Tamburlaine the Great, Part I by Christopher Marlowe
Directed by Sam Shammas
Cochrane Theatre, Covent Garden
Tuesday 12th - Saturday 23rd January 1999, 7.30pm
"The wheel of history is turning again in this fabled city of Samarkand built by the 14th-century tyrant, Tamerlane, with the spoils of a lifetime of bloody conquest. The images of Lenin are coming down and the city fathers are busy erecting instead statues to the man the playwright Christopher Marlowe described as ‘scourge of God and terror of the world’. A splendid 20-foot statue in bronze, complete with sword, shield and helmet, is being cast this week. Three other images of Tamerlane are due to follow... already a street named after Frunze, the bolshevik general who brought his own brand of terror to central Asia, has been renamed Tamerlane Prospekt... Tamerlane’s tomb, just beyond the main tourist hotel, has now become more than just a tourist sight. These days elderly uzbeks can be seen crouched in prayer beside the plain black sarcophagus. They worship him as a great man and as a saint.

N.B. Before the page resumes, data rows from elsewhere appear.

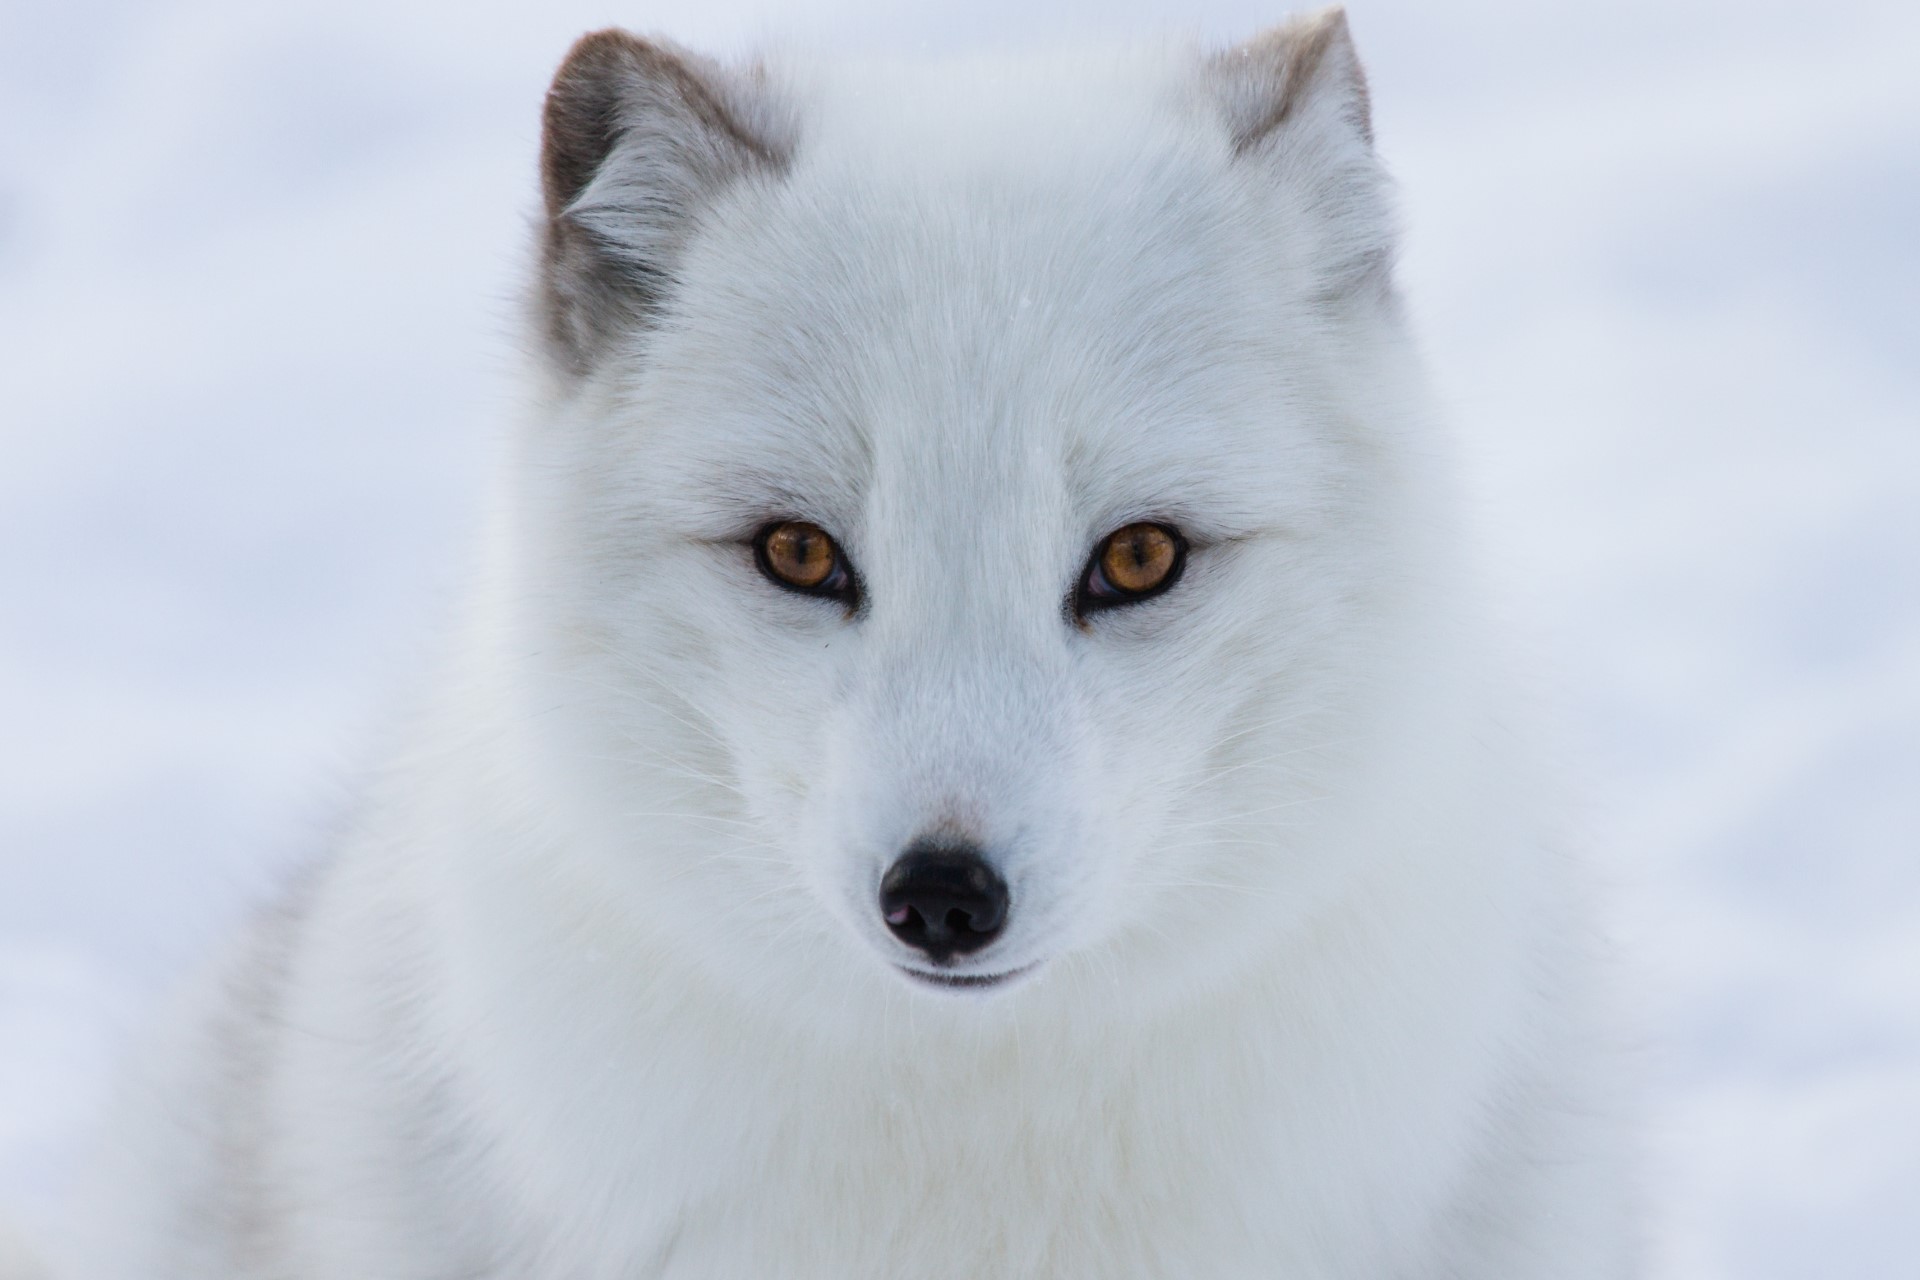 Arctic Fox - Arctic Genomics
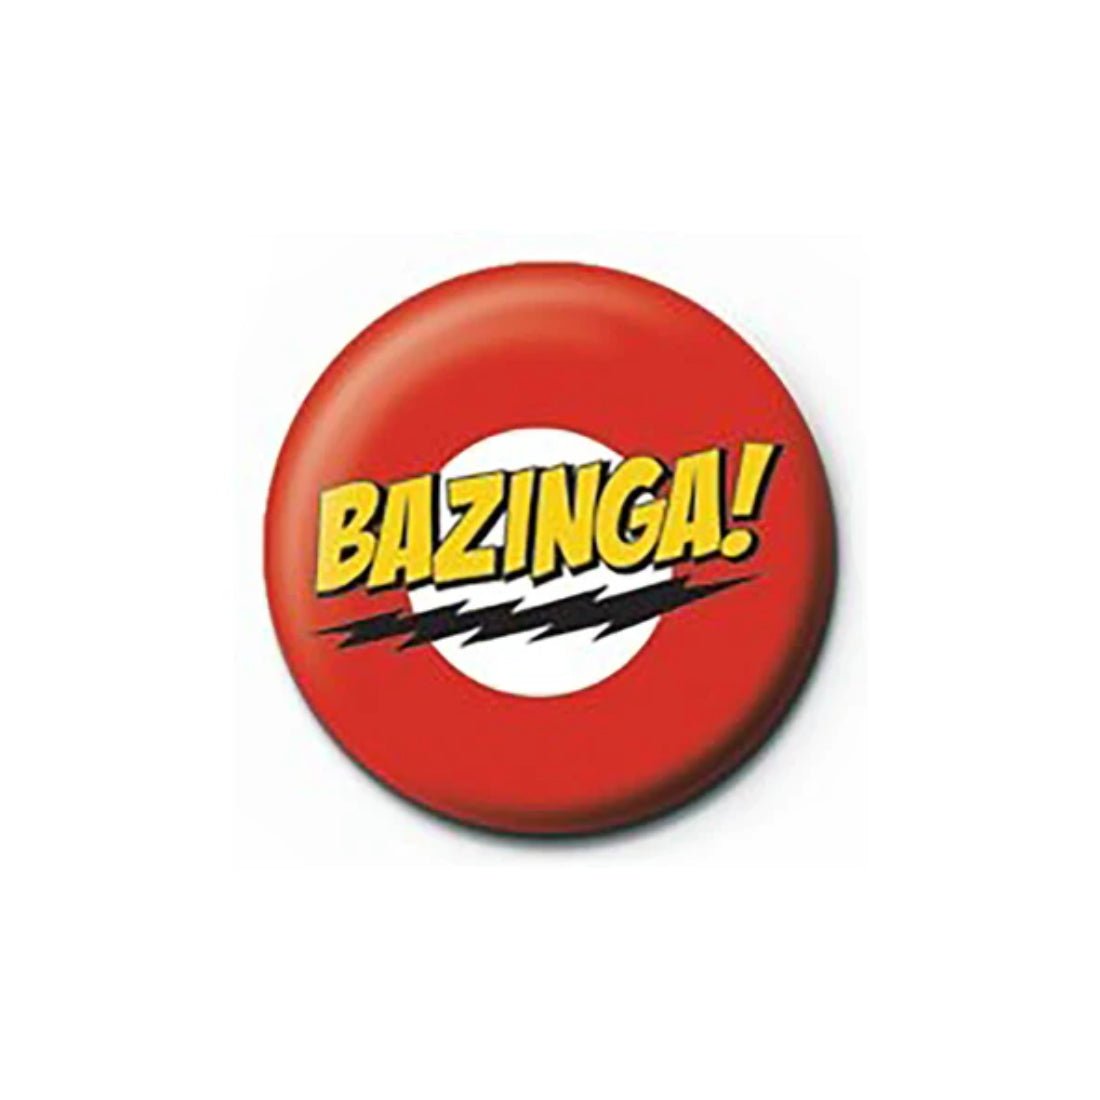 The Big Bang Theory - Bazinga Button Badge - أكسسوار - Store 974 | ستور ٩٧٤
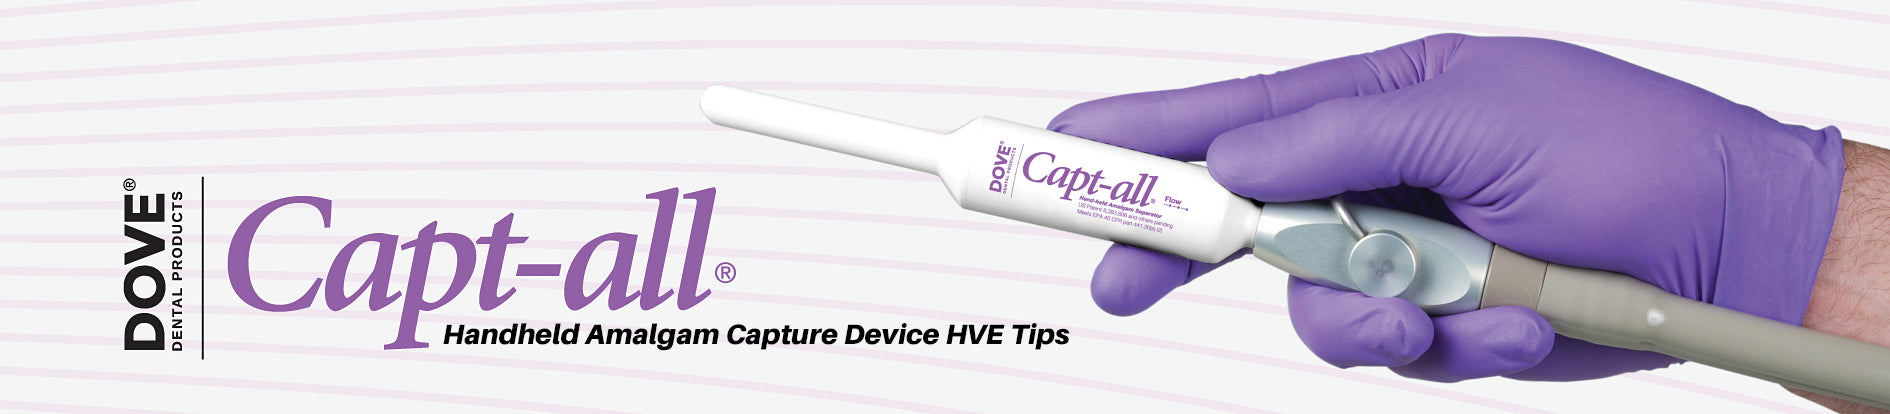 Cap-tall Amalgam Capture Device
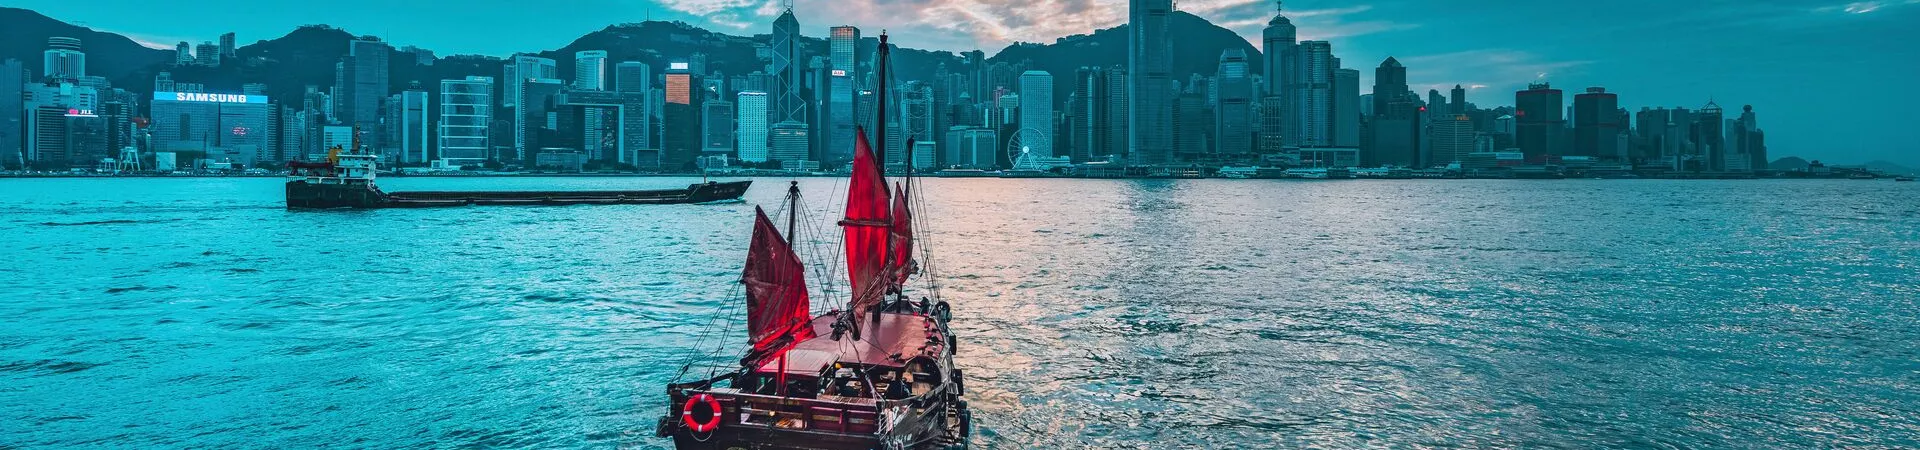 Large Boat Of Hong Kong
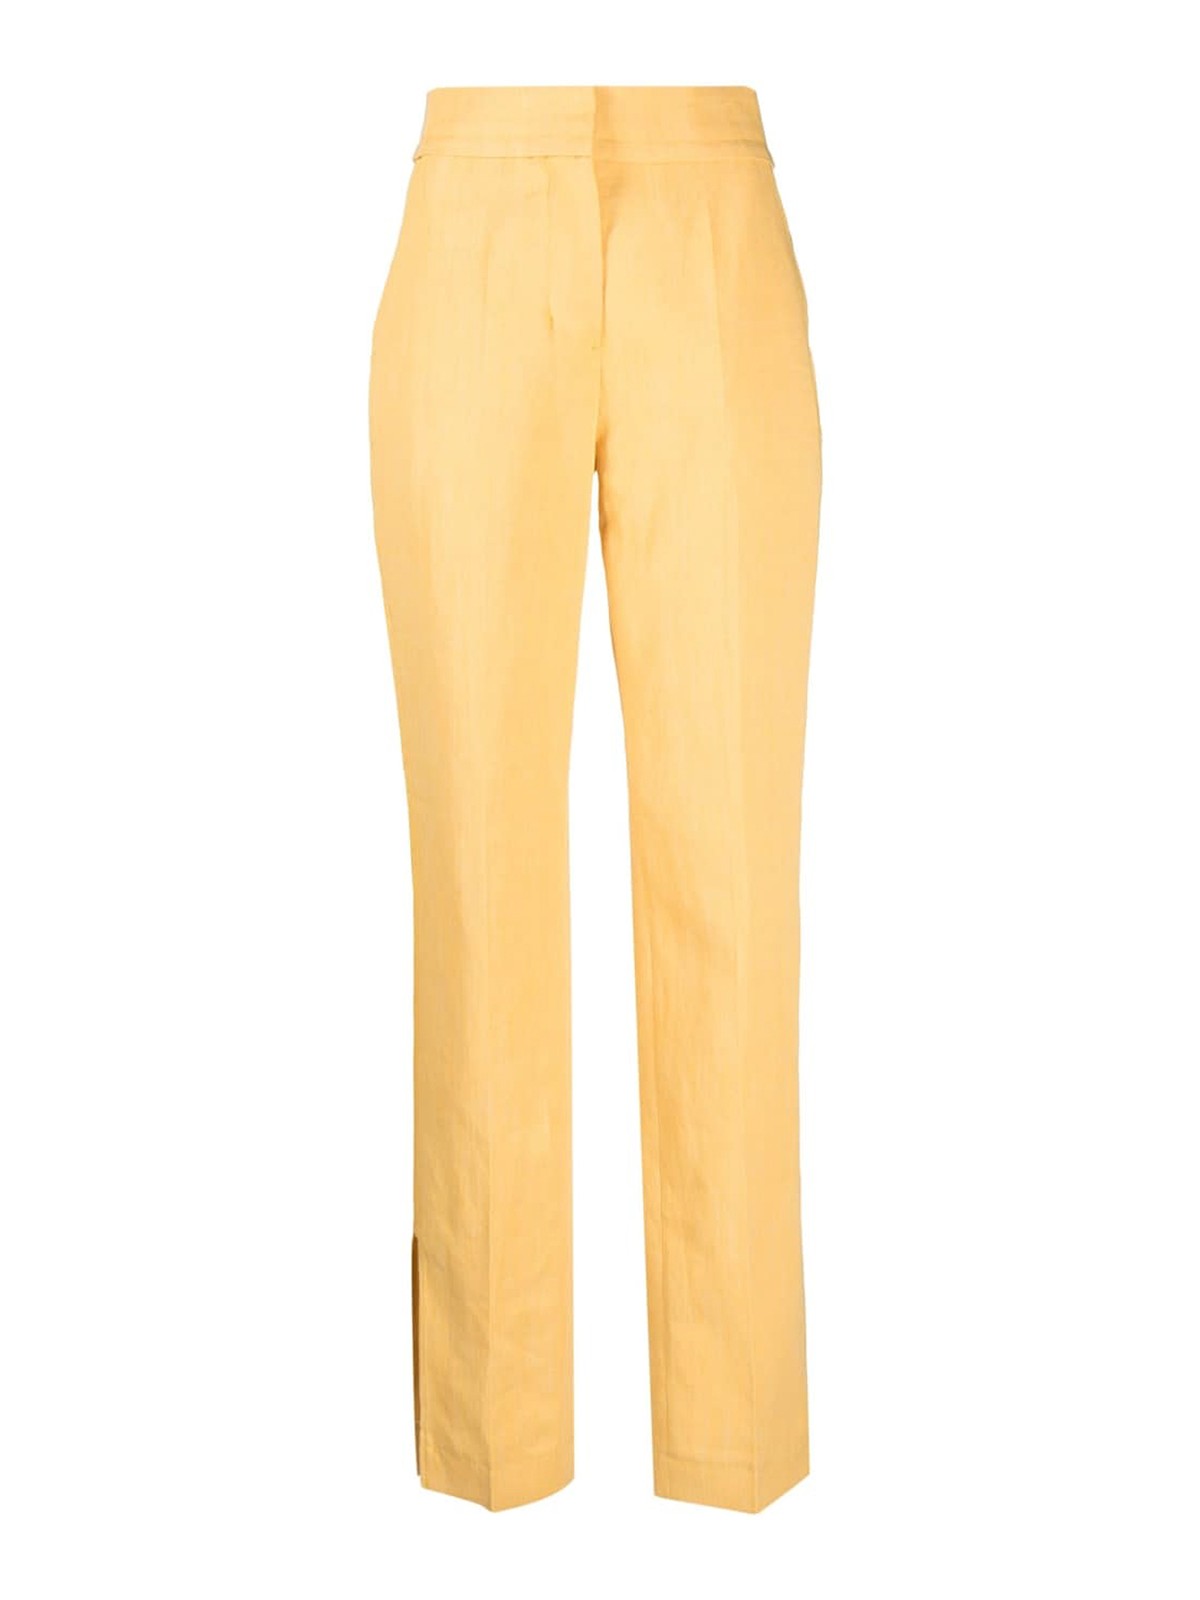 Styling Yellow Trousers - LaToya Ebony
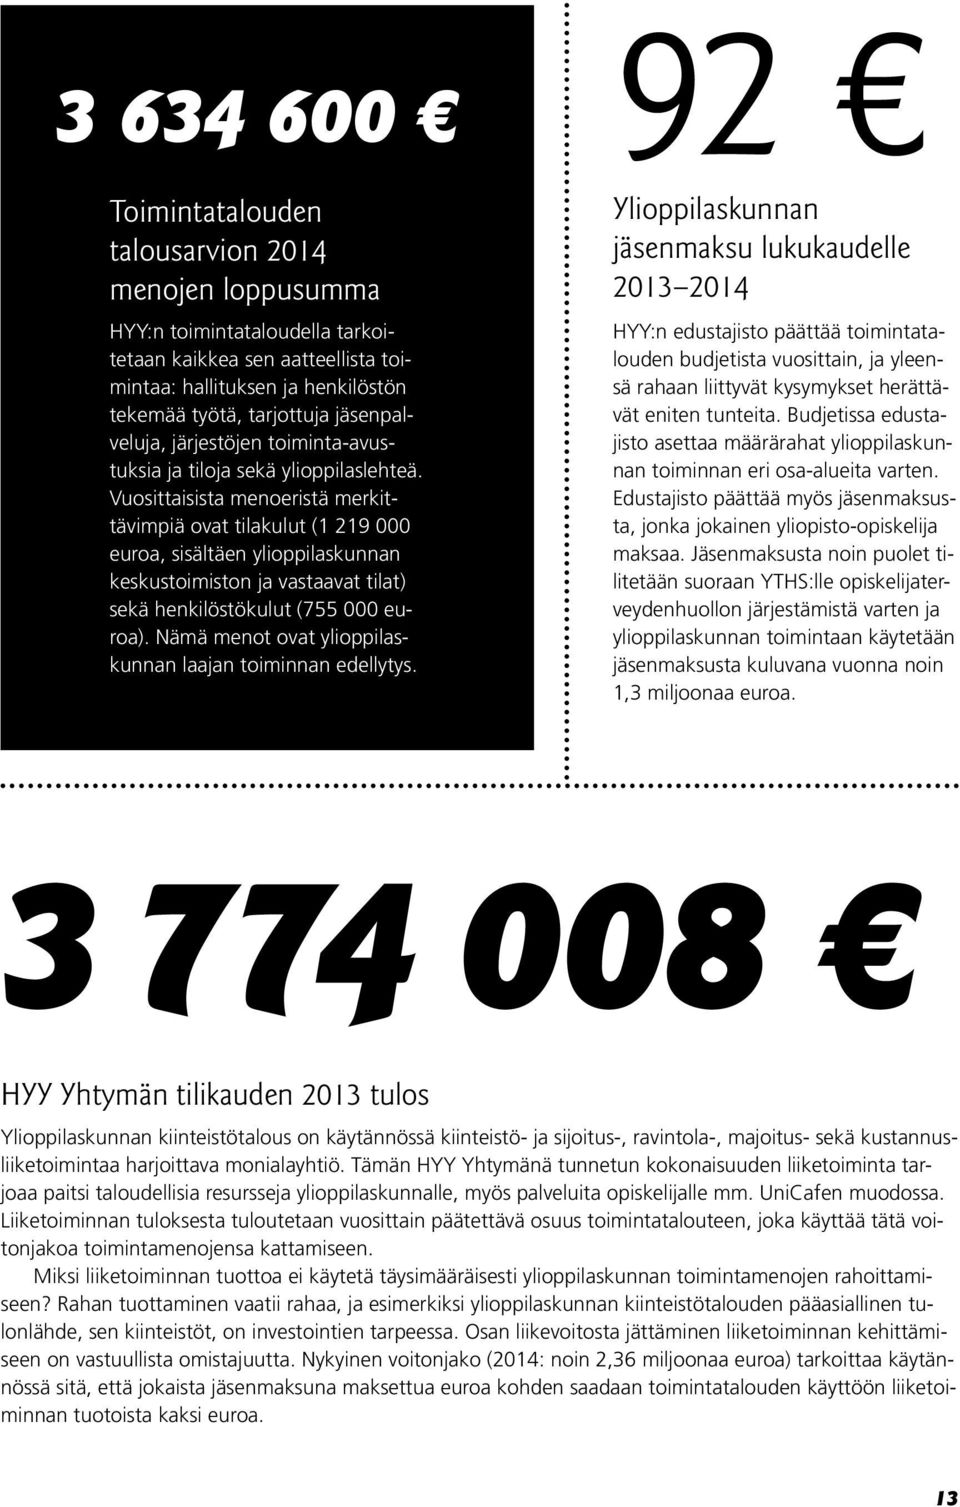 Vuosittaisista menoeristä merkittävimpiä ovat tilakulut (1 219 000 euroa, sisältäen ylioppilaskunnan keskustoimiston ja vastaavat tilat) sekä henkilöstökulut (755 000 euroa).

The story goes that when the body was exhumed, three old men appeared at a tea-house where the gravediggers were resting and warned them not to proceed. Sure enough, when his coffin was opened, they found written inside the threat that ‘whoever opens my tomb shall unleash an invader more terrible than I’. A day later, on June 22 1941, the Nazis invaded the Soviet Union."
"Director Sam Shammas' admirable and pertinent resurrection of part one of Marlowe's fascinating two parter deploys a small cast in this unkindly proportioned, slightly cold space.
But these drawbacks are used to focus intelligently on the chilling linguistic subtleties of [the] play...
Unfolding on a spare set effectively bedecked with plastic dolls...Brendan Fleming portrays the hero as much more than a simple Renaissance over-reacher.
He perfectly captures Tamburlaine's manic calm and brings to the fore the former shepherd's ability to control his world through a masterly grasp of rhetoric, whether winning the loyalty of men or charming the pants off his wife, Catherine Harvey's Zenocrate.
On this evidence it seems Shammas could not revive the second part too soon."
A Scythian shepherd, Tamburlaine, rises by his martial conquests to become the most powerful man in the world. His victories come about not only by fearlessness in battle, but by a formidable command of persuasive rhetoric. Having seized Princess Zenacrate of Egypt, he goes on to overpower Persia, Turkey (placing its humiliated Emperor in a cage for his follower's edification), Damascus and Arabia. Only his love for Zenocrate stops Tamburlaine short of slaughtering her father, the Soldan of Egypt.
The 14th century Mongol conqueror Timur, on whom Marlowe based his hero, ordered the decapitation of a million men and used their heads to construct a slowly rotting monument to his own greatness. Originally Marlowe had no intention of following what we now call 'Tamburlaine Part I' with a sequel, and only did so when public acclaim demanded it. The intention of this first episode, taken on its own terms, seems to be to ask of his audience some disturbing questions concerning the apparent failure of heaven to strike down a man so brutal, so blasphemous and so unrepentant.
KING OF ARABIA
DIRECTOR & DESIGNER
Sam Shammas Productions
"I will with engines, never exercised,
Conquer, sack and utterly consume
Your cities and your golden palaces,
And with the flames that beat against the clouds
Incense the heavens, and make the stars to melt,
And till by vision or by speech I hear
Immortal jove say, cease my Tamburlaine,
I will persist a terror to the world."